## WHAT IS EXPECTED
For the listing that follows, give again exactly the lines from the one with "African American mother" to the one with "Insomin - image 0", including both.

## RECORDED INFORMATION

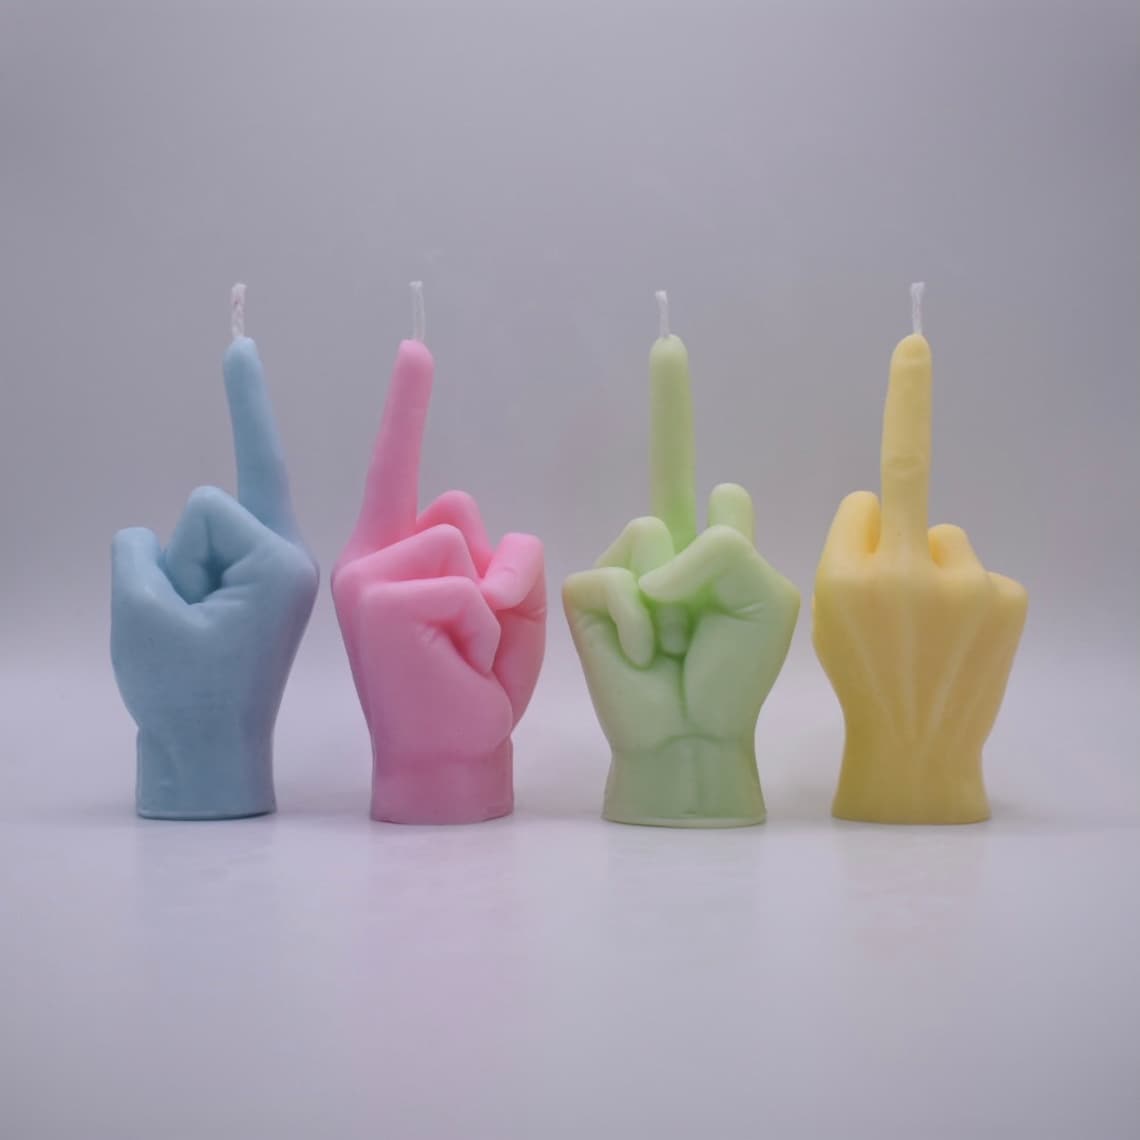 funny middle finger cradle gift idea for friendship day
...
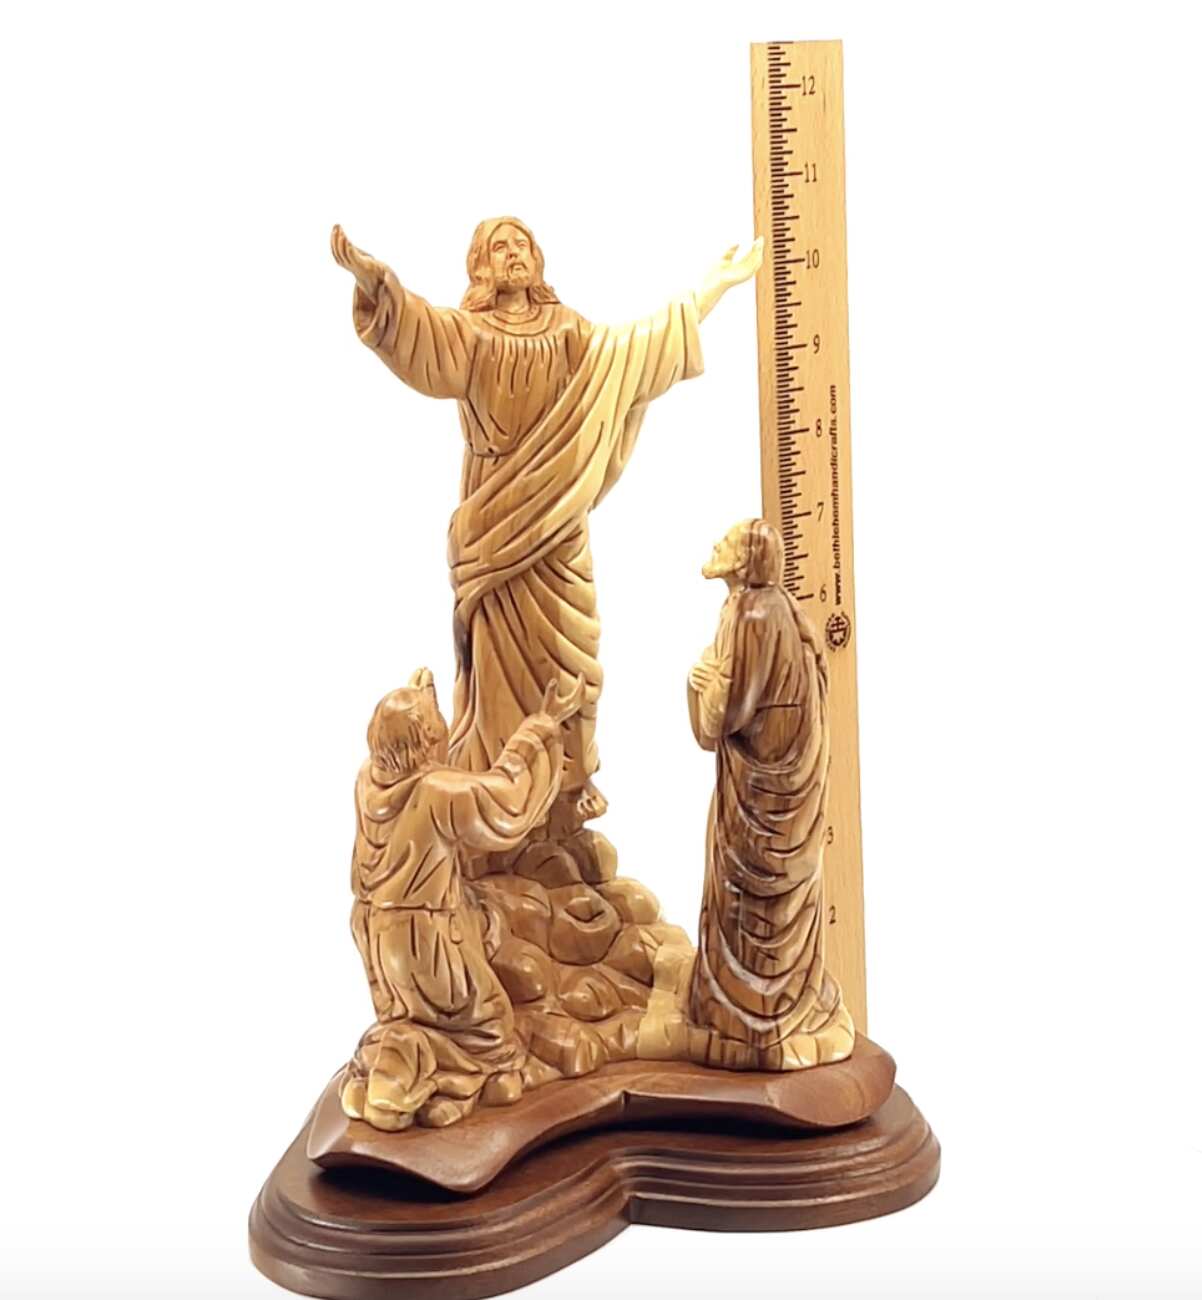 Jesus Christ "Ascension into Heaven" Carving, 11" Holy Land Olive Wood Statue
...
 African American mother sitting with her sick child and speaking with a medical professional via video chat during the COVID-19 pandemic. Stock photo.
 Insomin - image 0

## RESULT
 African American mother sitting with her sick child and speaking with a medical professional via video chat during the COVID-19 pandemic. Stock photo.
 Insomin - image 0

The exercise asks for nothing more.